§ **Information shown**
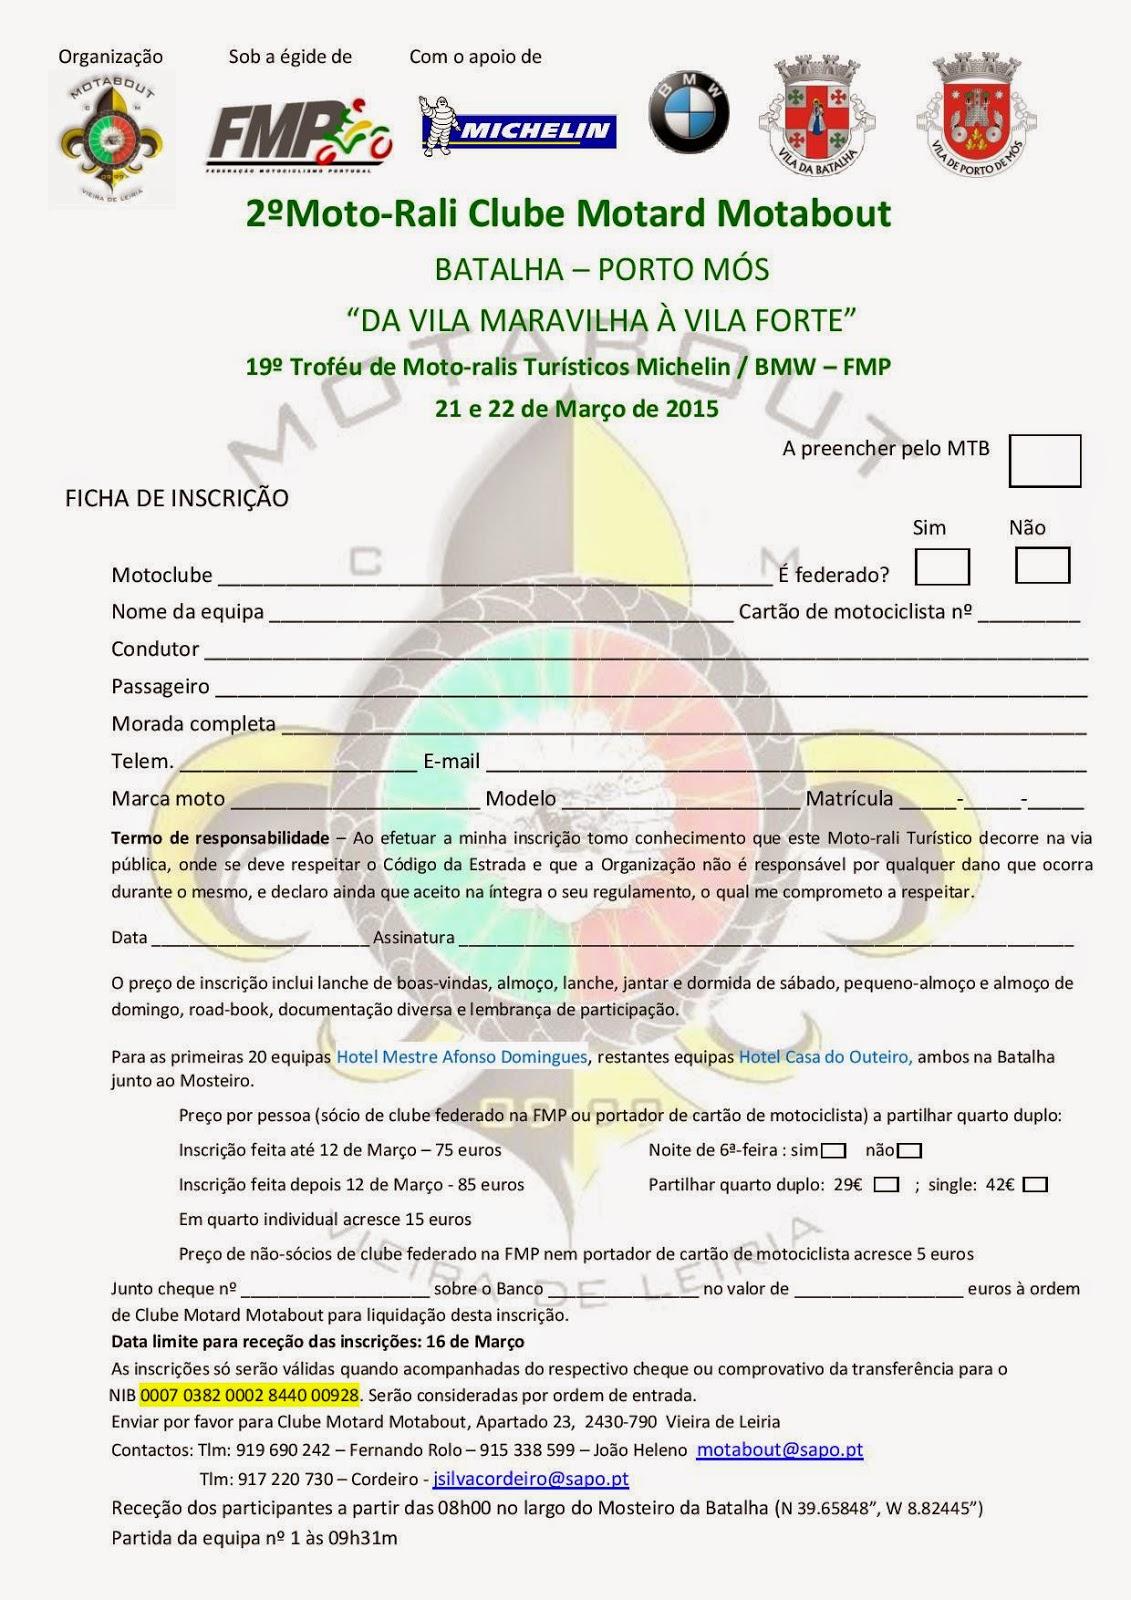 2º Moto-Rali Turístico C.M.Motabout - 21-22/03/2015 Ficha_Inscricao_Moto_Rali_Motabout_2015-page-001
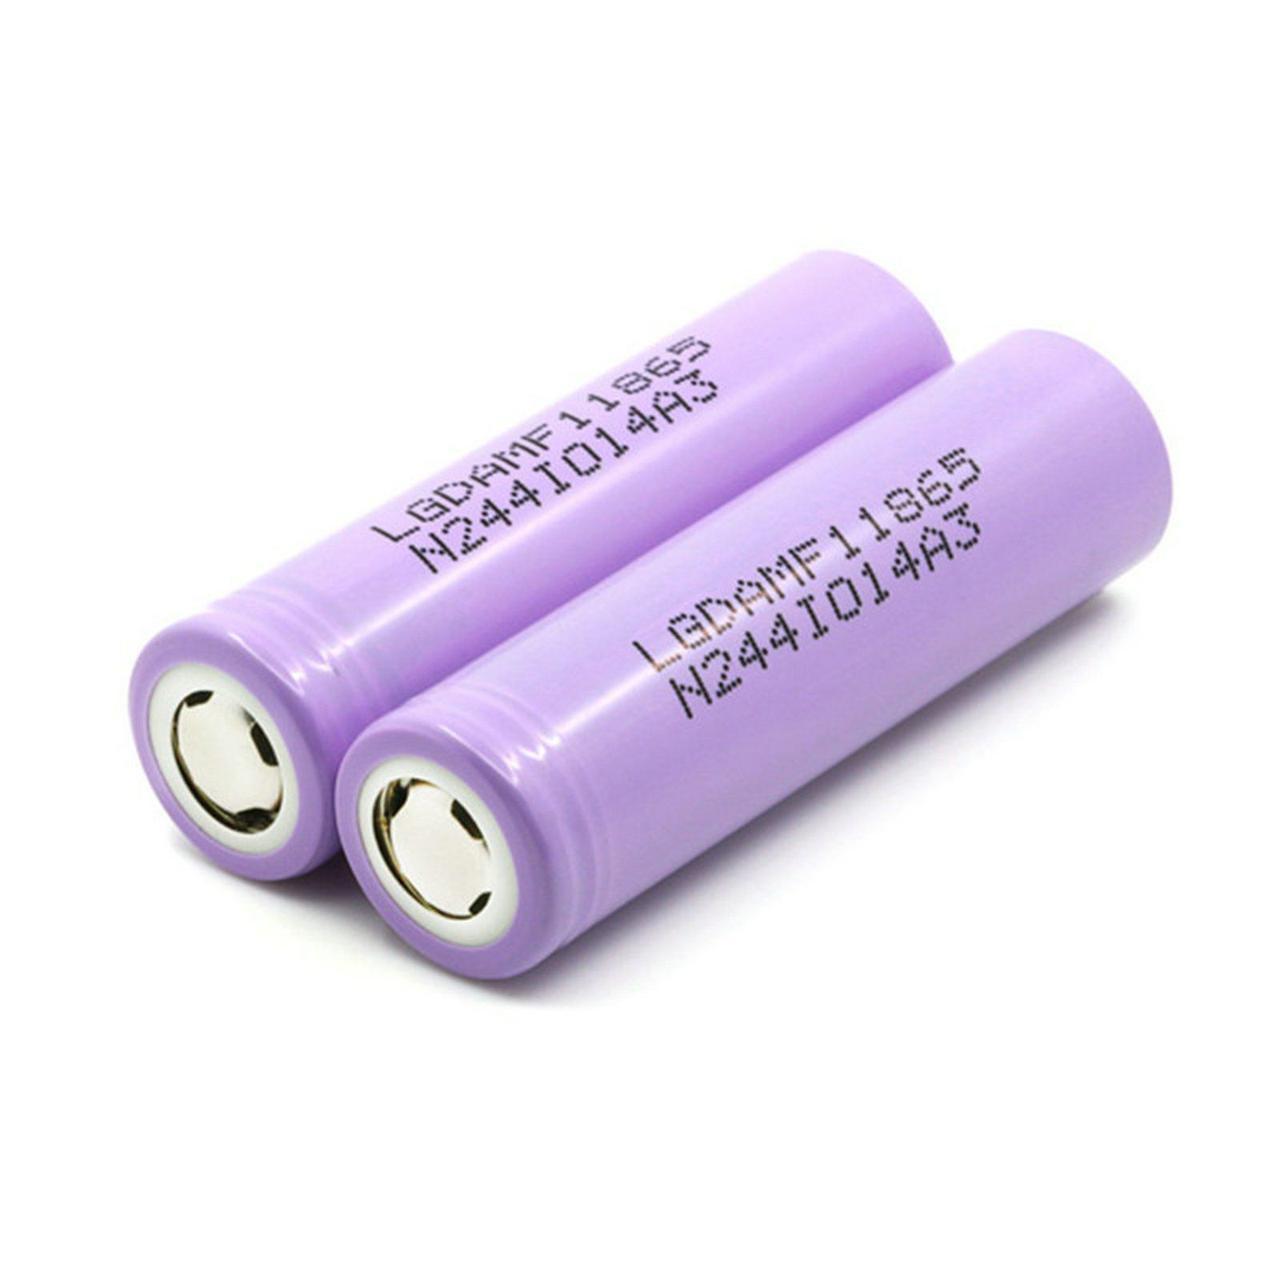 Аккумулятор 18650 Li-Ion LG INR18650 MF1 (LGDAMF11865), 2150mAh, 10A, 4.2/3.65/2.75V
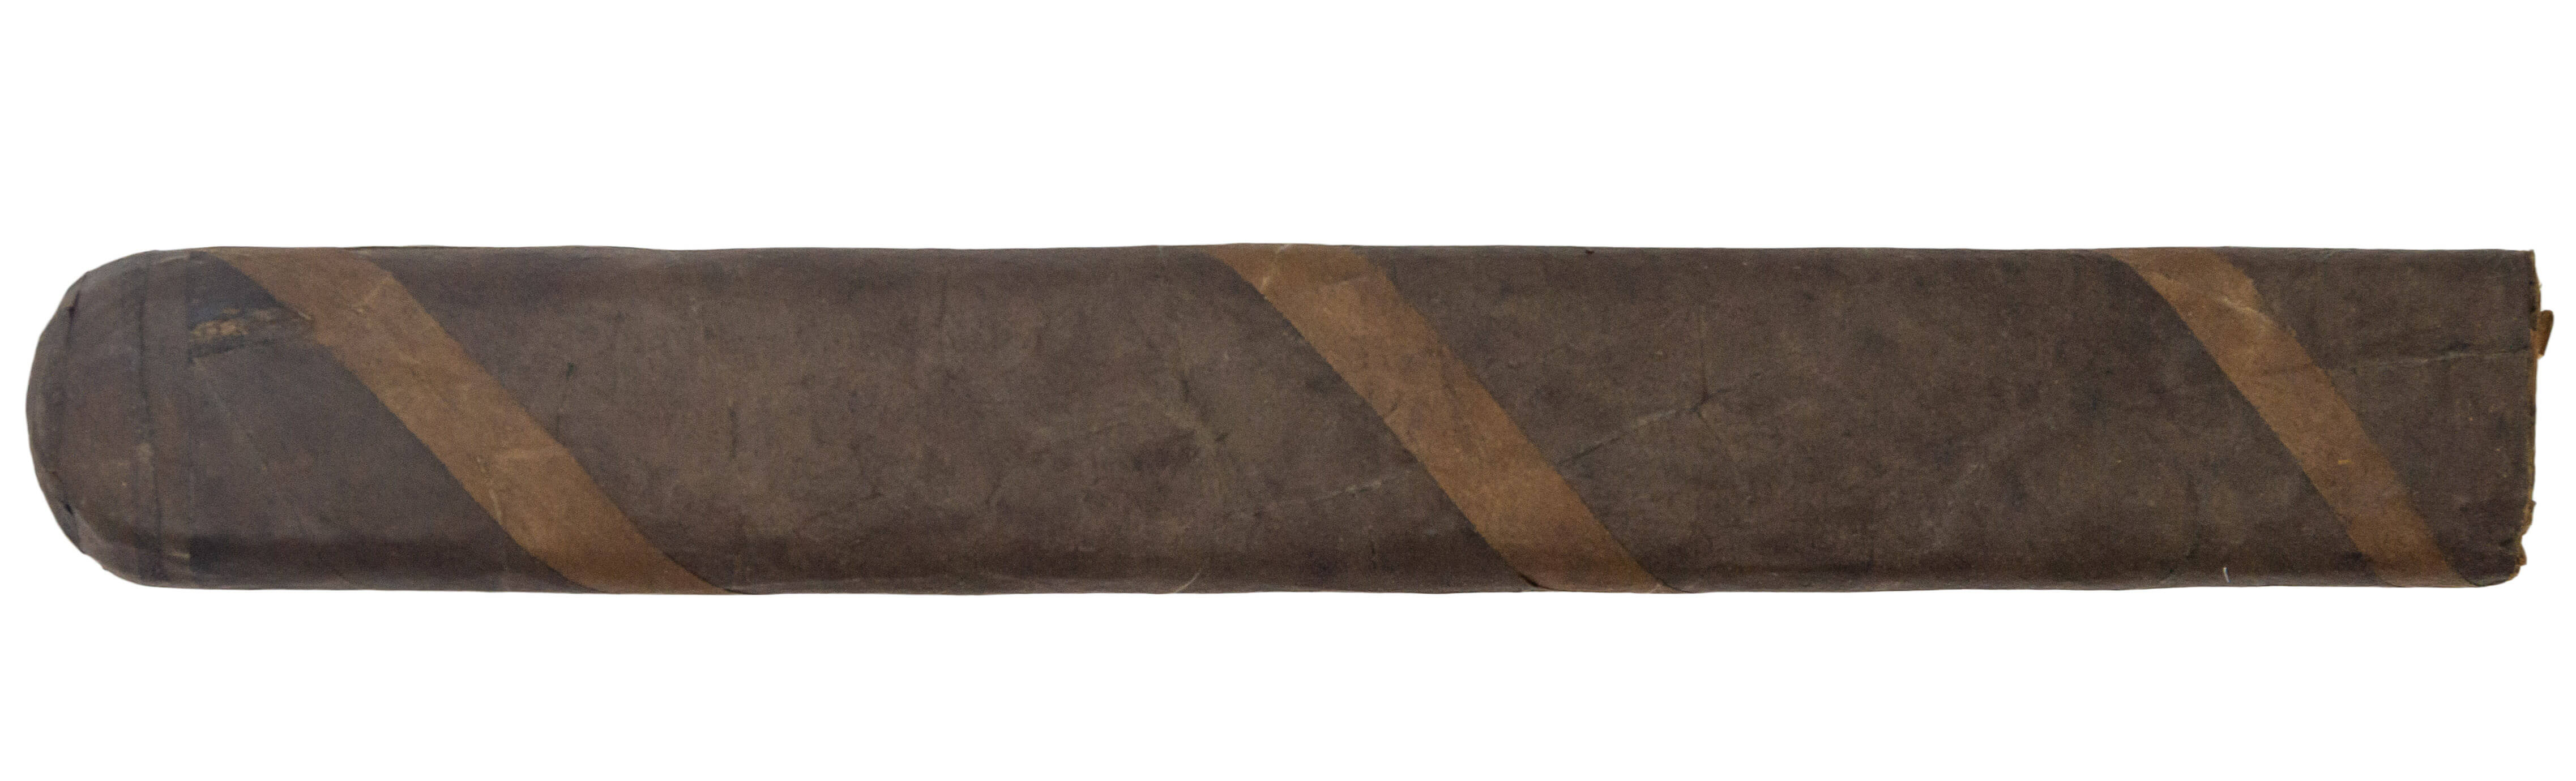 Cigar News: Dissident Ships HOME 2021
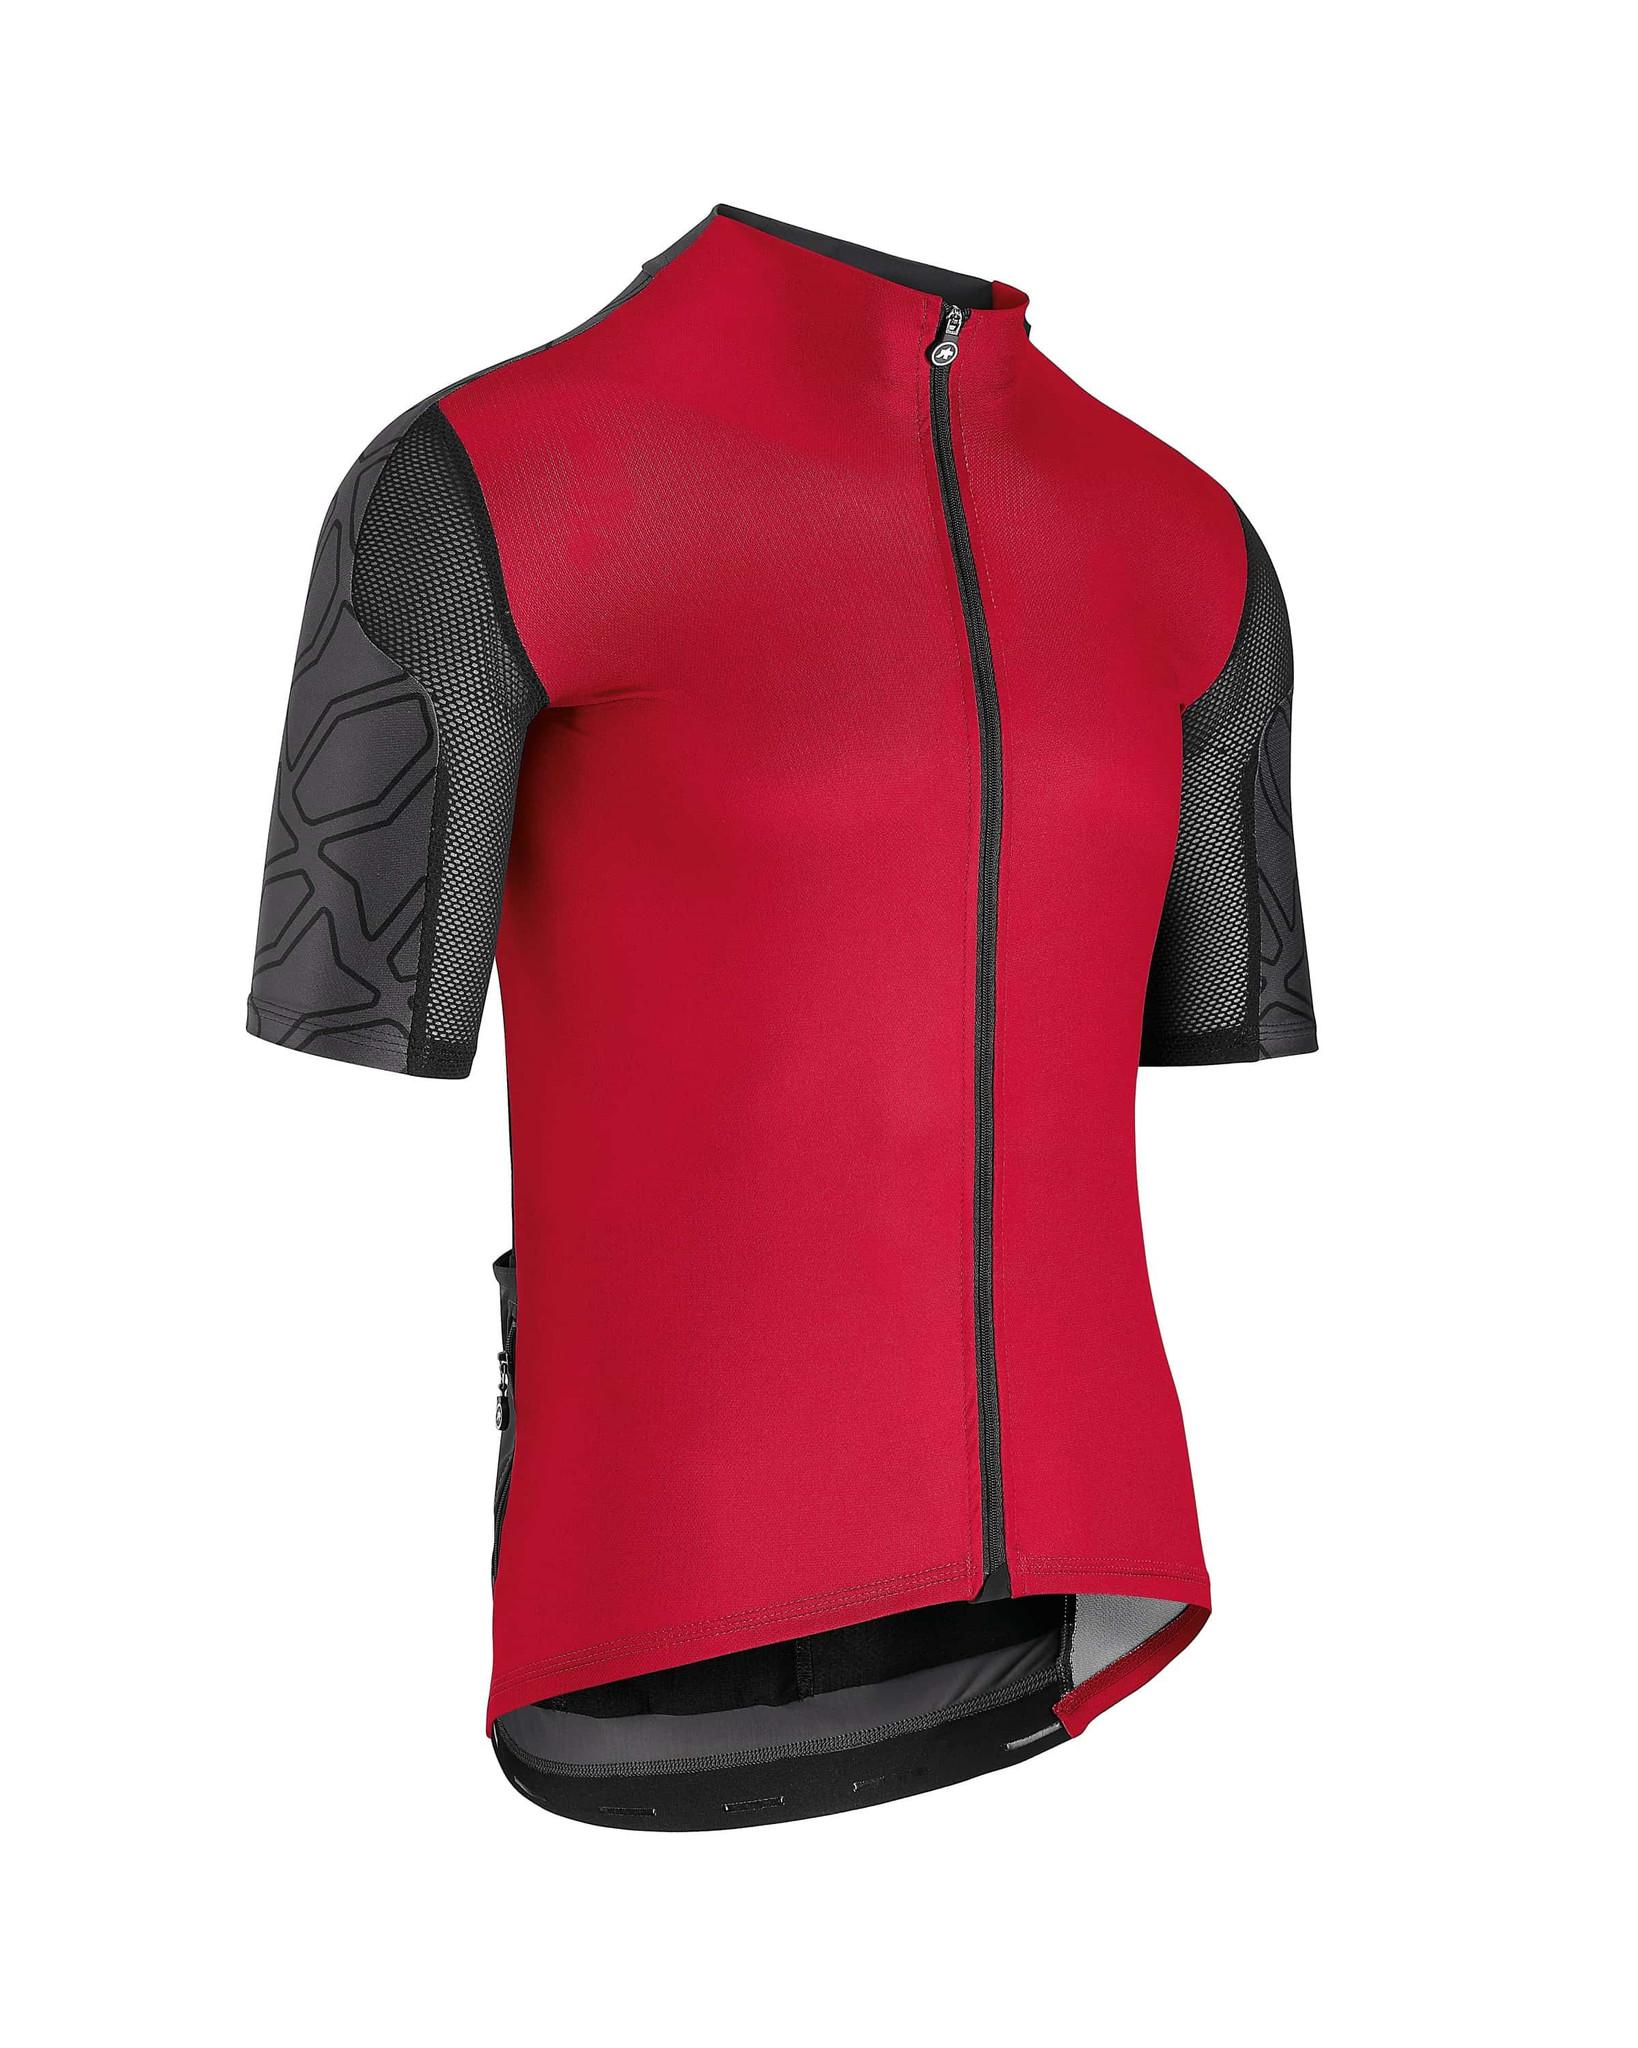 Assos Assos XC Shortsleeve jersey MTB Shirt Rood

§ **Work required**
Output the material verbatim, skipping the images.

§ **Answer area**
 2º Moto-Rali Turístico C.M.Motabout - 21-22/03/2015 Ficha_Inscricao_Moto_Rali_Motabout_2015-page-001
 Аккумулятор 18650 Li-Ion LG INR18650 MF1 (LGDAMF11865), 2150mAh, 10A, 4.2/3.65/2.75V
 Cigar News: Dissident Ships HOME 2021
 Assos Assos XC Shortsleeve jersey MTB Shirt Rood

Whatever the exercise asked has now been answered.